Clustering

Clustering Pokémon in 15 minutes using the AI & Analytics Engine


Introduction

Finding naturally occurring groups of similar items in a dataset is a common problem in many domains. For example, in the medical field, it is applied to discover tumor groups from gene-expression data, or, in the retail field, it is used for customer segmentation among other uses. This problem can be solved with Machine Learning. However, unlike predictive Machine Learning, there are no labels associated with each item or data point to leverage on.

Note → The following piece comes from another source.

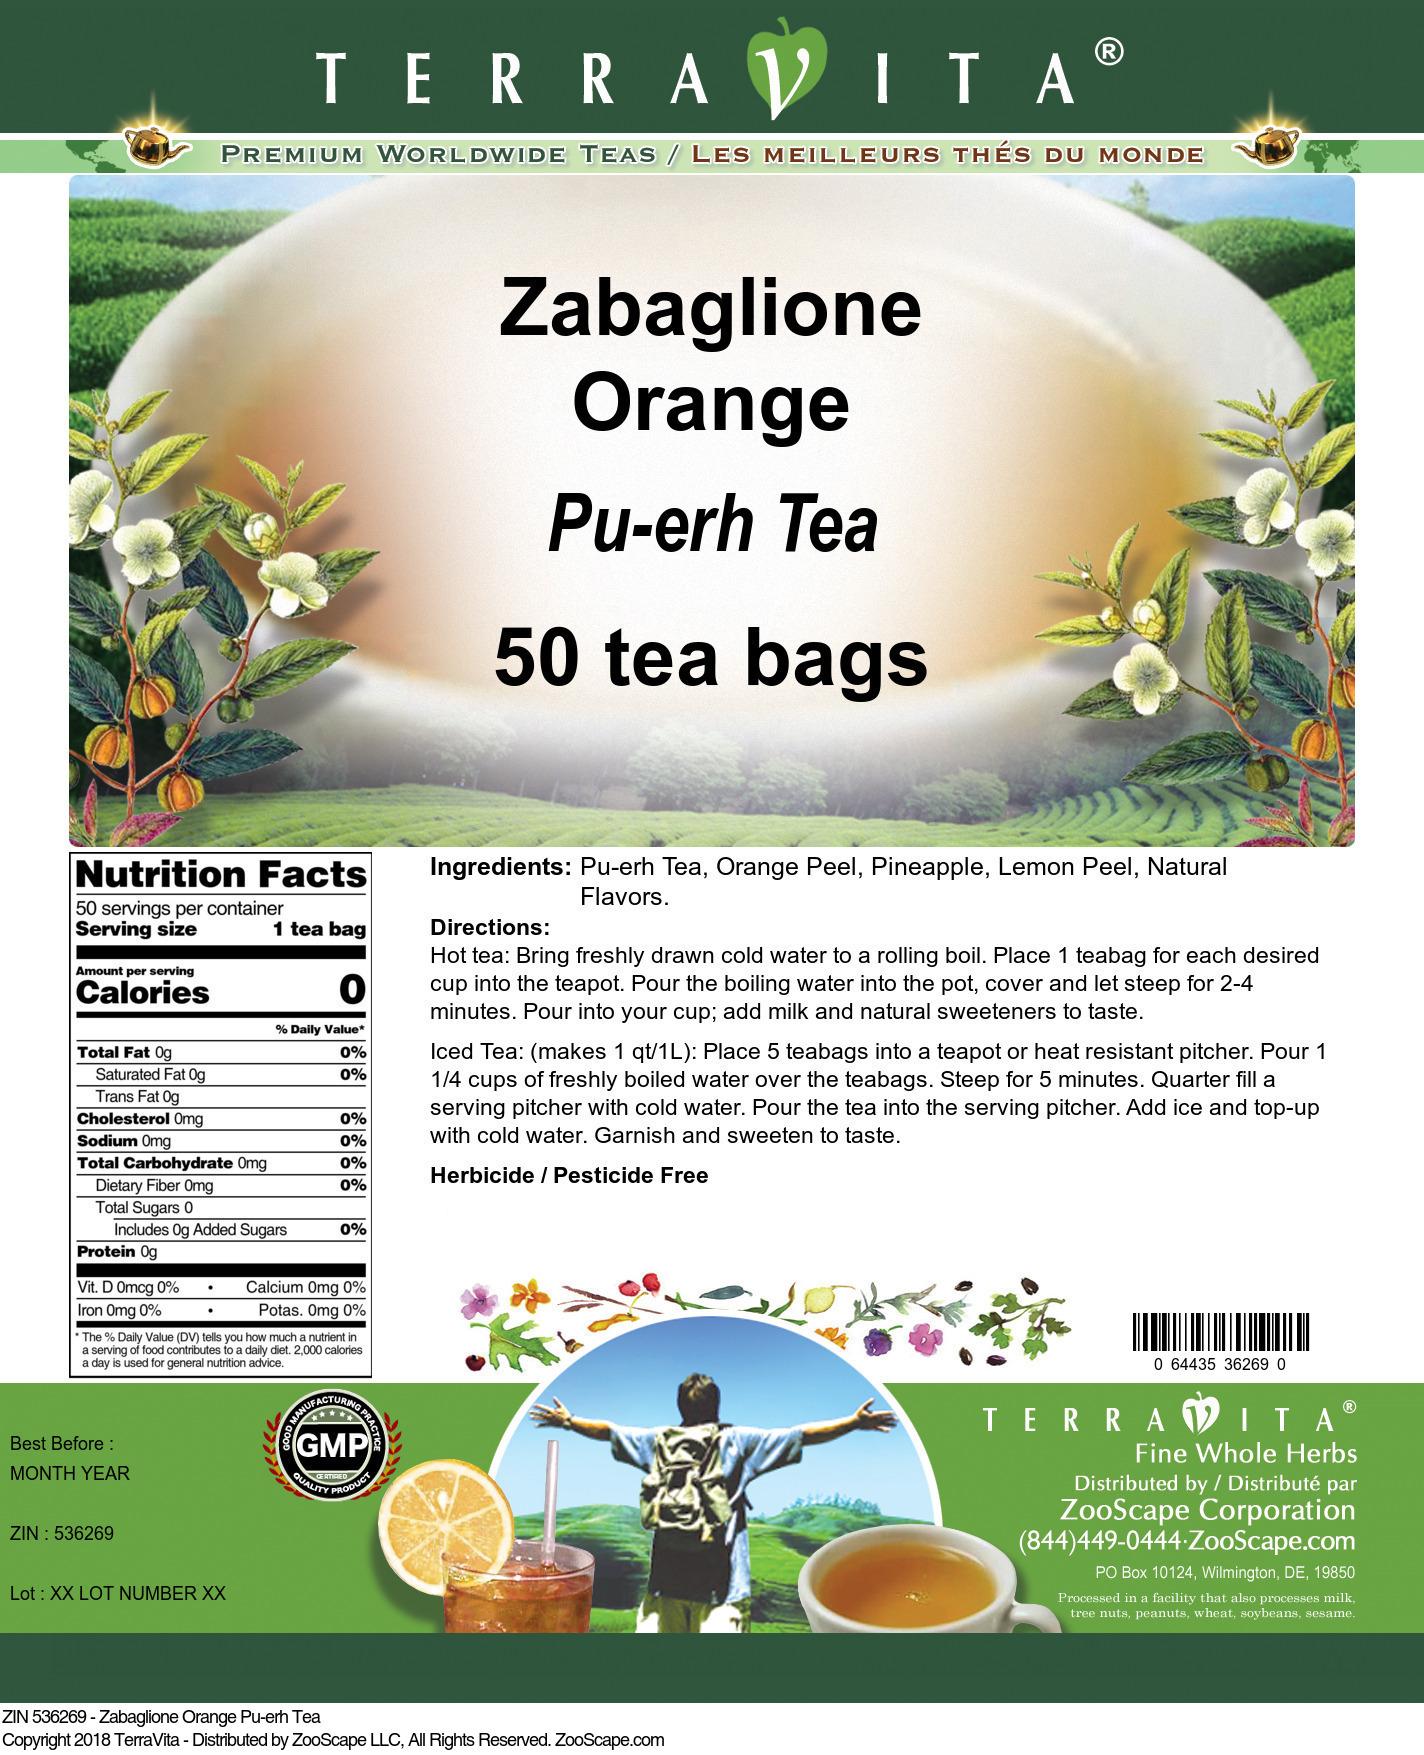 Zabaglione Orange Pu-erh Tea

For example, assume we have a database of customers for a retail store, containing information about their purchase behavior. The information could be:

  • The products that each customer purchases.

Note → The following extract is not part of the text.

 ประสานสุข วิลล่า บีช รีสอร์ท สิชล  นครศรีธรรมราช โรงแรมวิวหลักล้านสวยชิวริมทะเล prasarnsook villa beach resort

  • How often does a customer purchase. (Weekly? Monthly? etc.).

  • The average spending per some time period.

  • etc.

We would like to segment the customers into groups that are “similar” in some sense and then apply a specific marketing campaign for each group, because this should be more effective than a generic marketing campaign.

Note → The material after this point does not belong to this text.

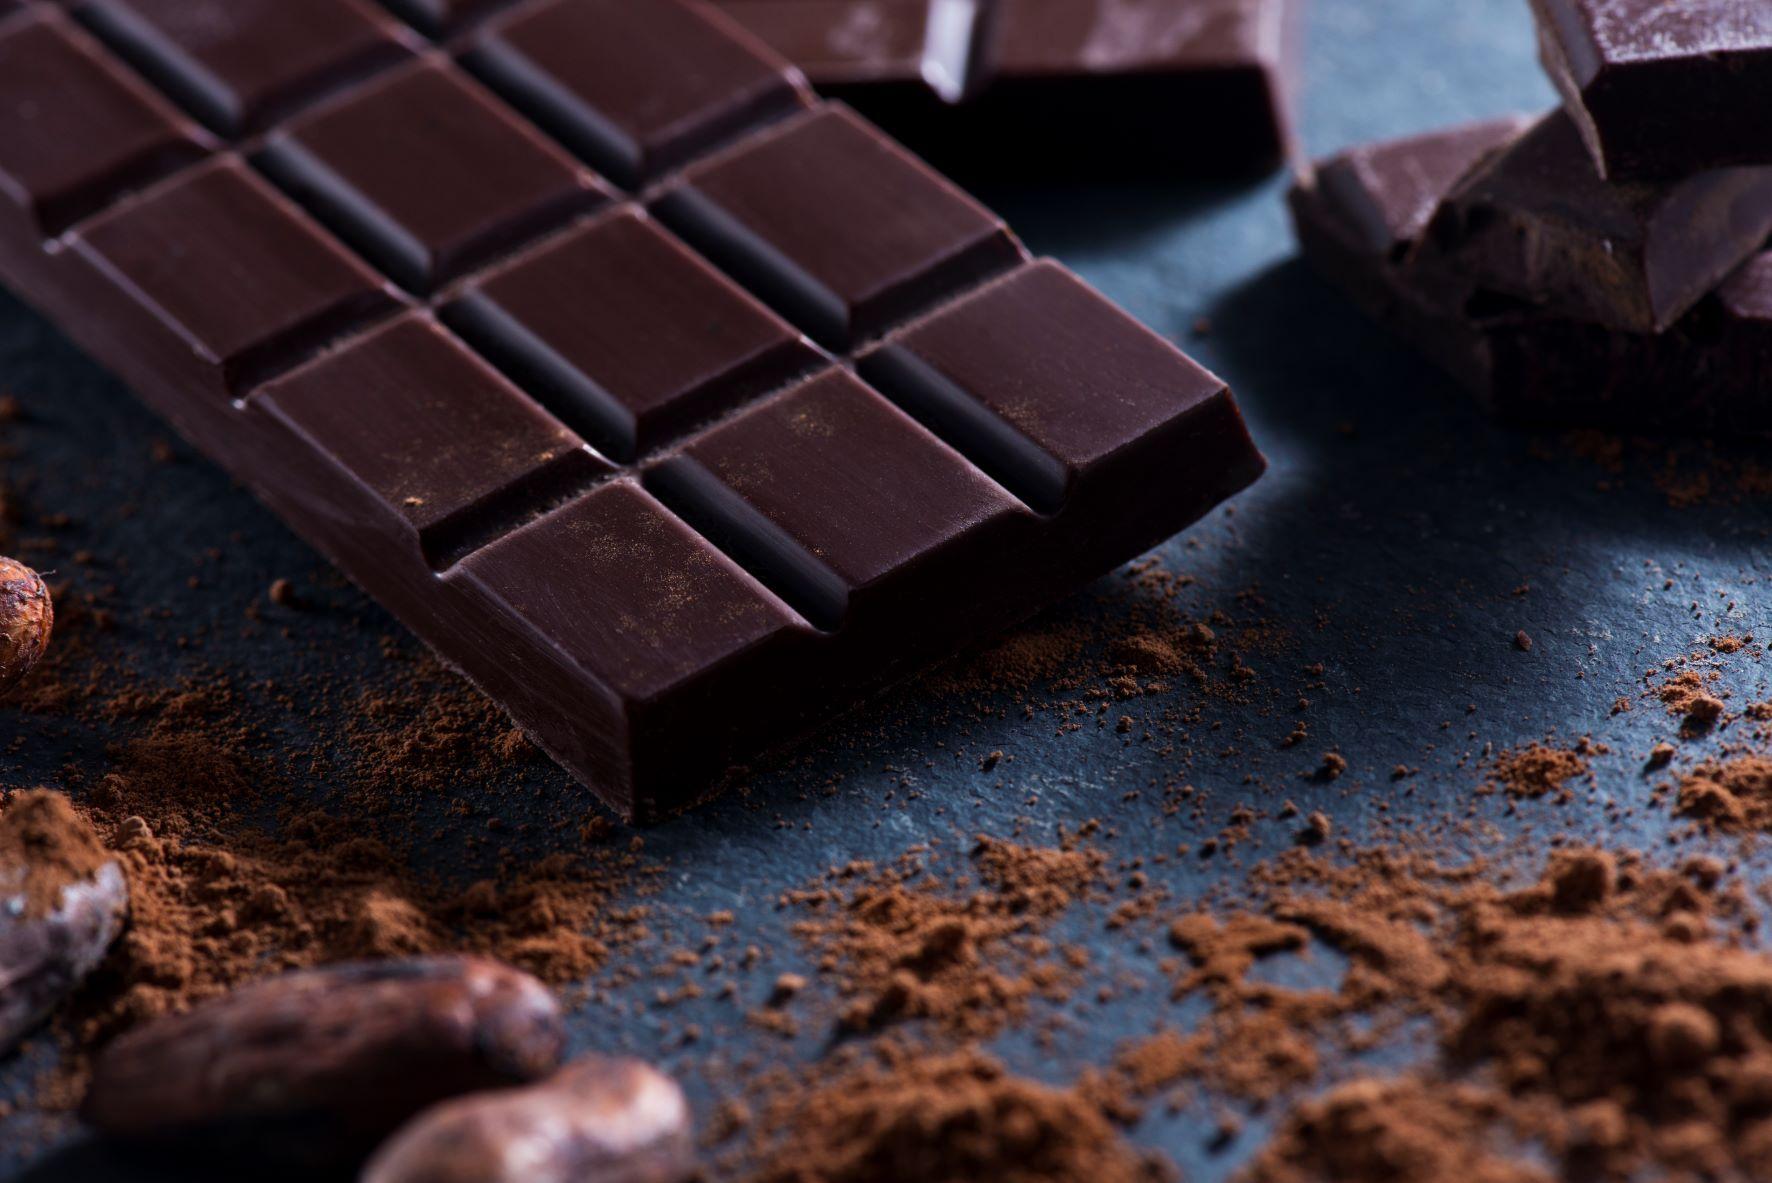 Pacari recuerda los beneficios de un buen cacao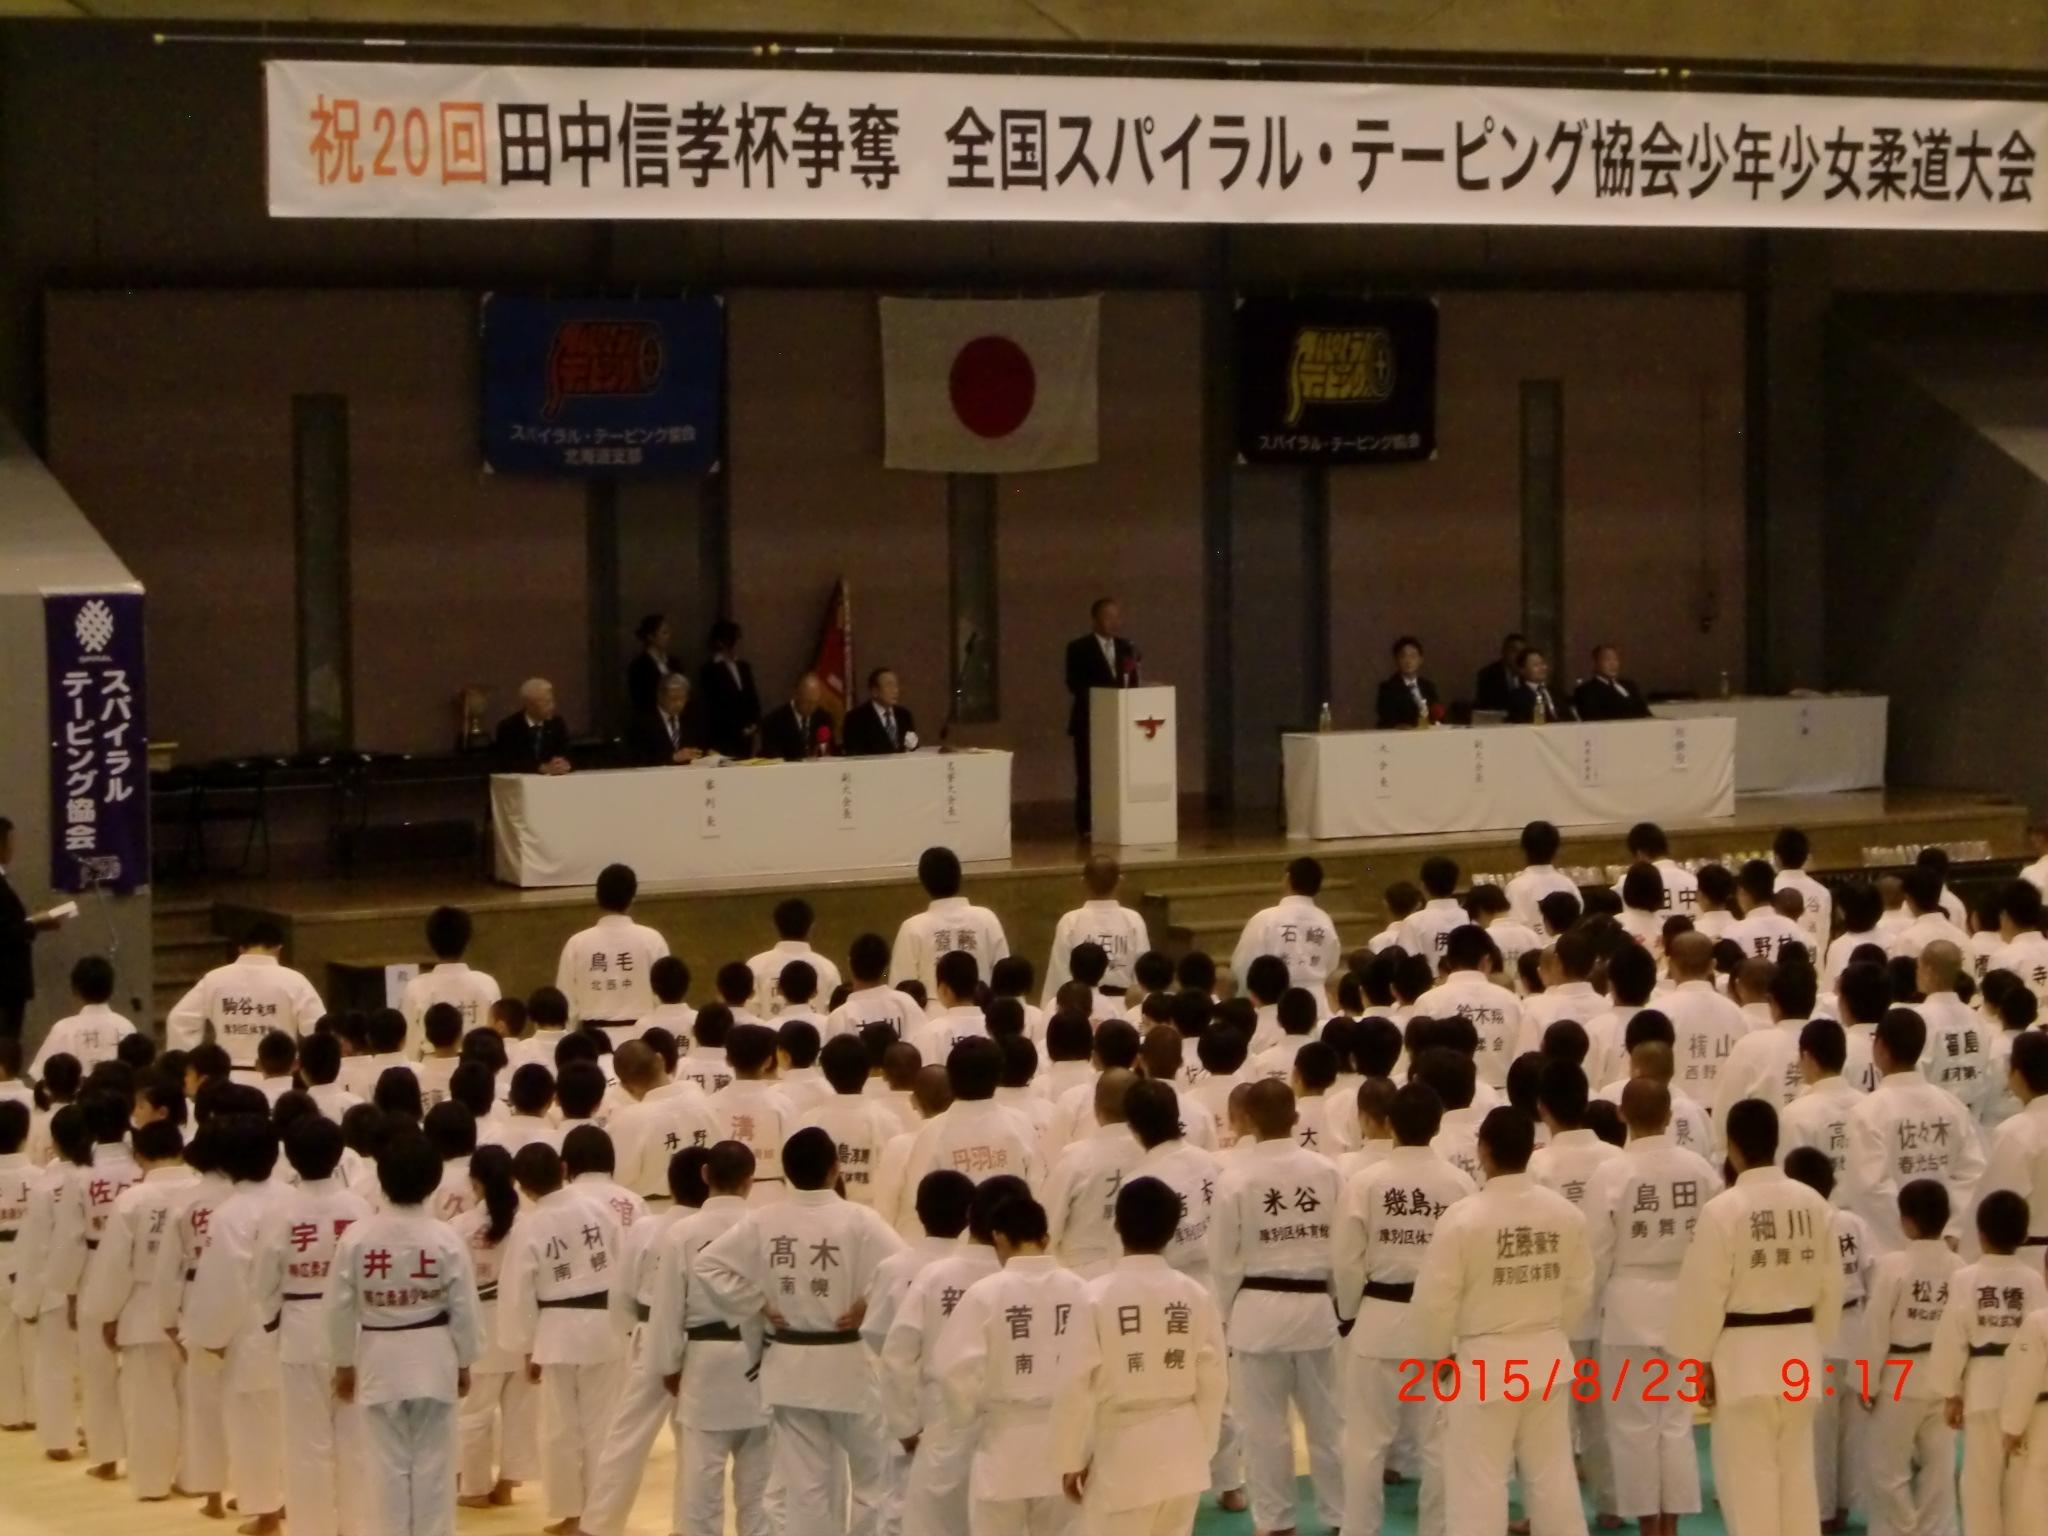 第20回柔道大会

The application of the clustering process includes many hurdles: Which clustering algorithm to use? How many clusters does my data have? How can I run it efficiently over large datasets? How do I understand the generated clusters? How do I visualize the results? etc.

Even technical knowledge such as relevant coding skills might not help you overcome these hurdles.

The AI & Analytics Engine overcomes these exact problems for users, making clustering easy for all. It is facilitated by internal apps that can solve many problem types. On the Engine, users can simply upload their data and choose ‘clustering’ during app creation, and specify which columns are relevant. The Engine will automatically generate results under a clustering app. It also comes with an auto analysis of the clustering results enhancing explainability, in addition to robustness and ease of use, so that the user can go from data to insights within minutes.

Finding natural groupings of Pokémon

To demonstrate the clustering process on the engine let us use the Pokémon stats dataset from Kaggle. We use this data because it is simple and ideally suited to demonstrate the key aspects of the Engine’s clustering function.

For those who aren’t familiar: Pokémon (an abbreviation for Pocket Monsters in Japanese) is a Japanese media franchise managed by The Pokémon Company, a company founded by Nintendo, Game Freak, and Creatures. There are hundred of Pokémon creatures, each with their own attributes.

Pokemon imagePikachu - a well known Pokémon (Credit: here)

The dataset contains a list of 800 Pokémon creatures and their attributes. We would like to “discover” groups of Pokémon using their attributes. Traditionally, in order to gain insights into the data, users will need to apply statistical analysis tools over the dataset manually to find “groups”, and in general, spend much time analyzing the results.

The following are the attributes of the dataset:

Dataset's attributes table

Initial insight

Before diving into the solution, we usually attempt to understand the data better. The first step is uploading the data and observing the analysis:Sample of the initial Pokémon dataset analysis                                      Fig 1 - Sample of the initial Pokémon dataset analysis

Using the plot we get a sense of the distribution of the features. Using the analysis we can group by specific features and get a qualitative appreciation of the differences between the groups.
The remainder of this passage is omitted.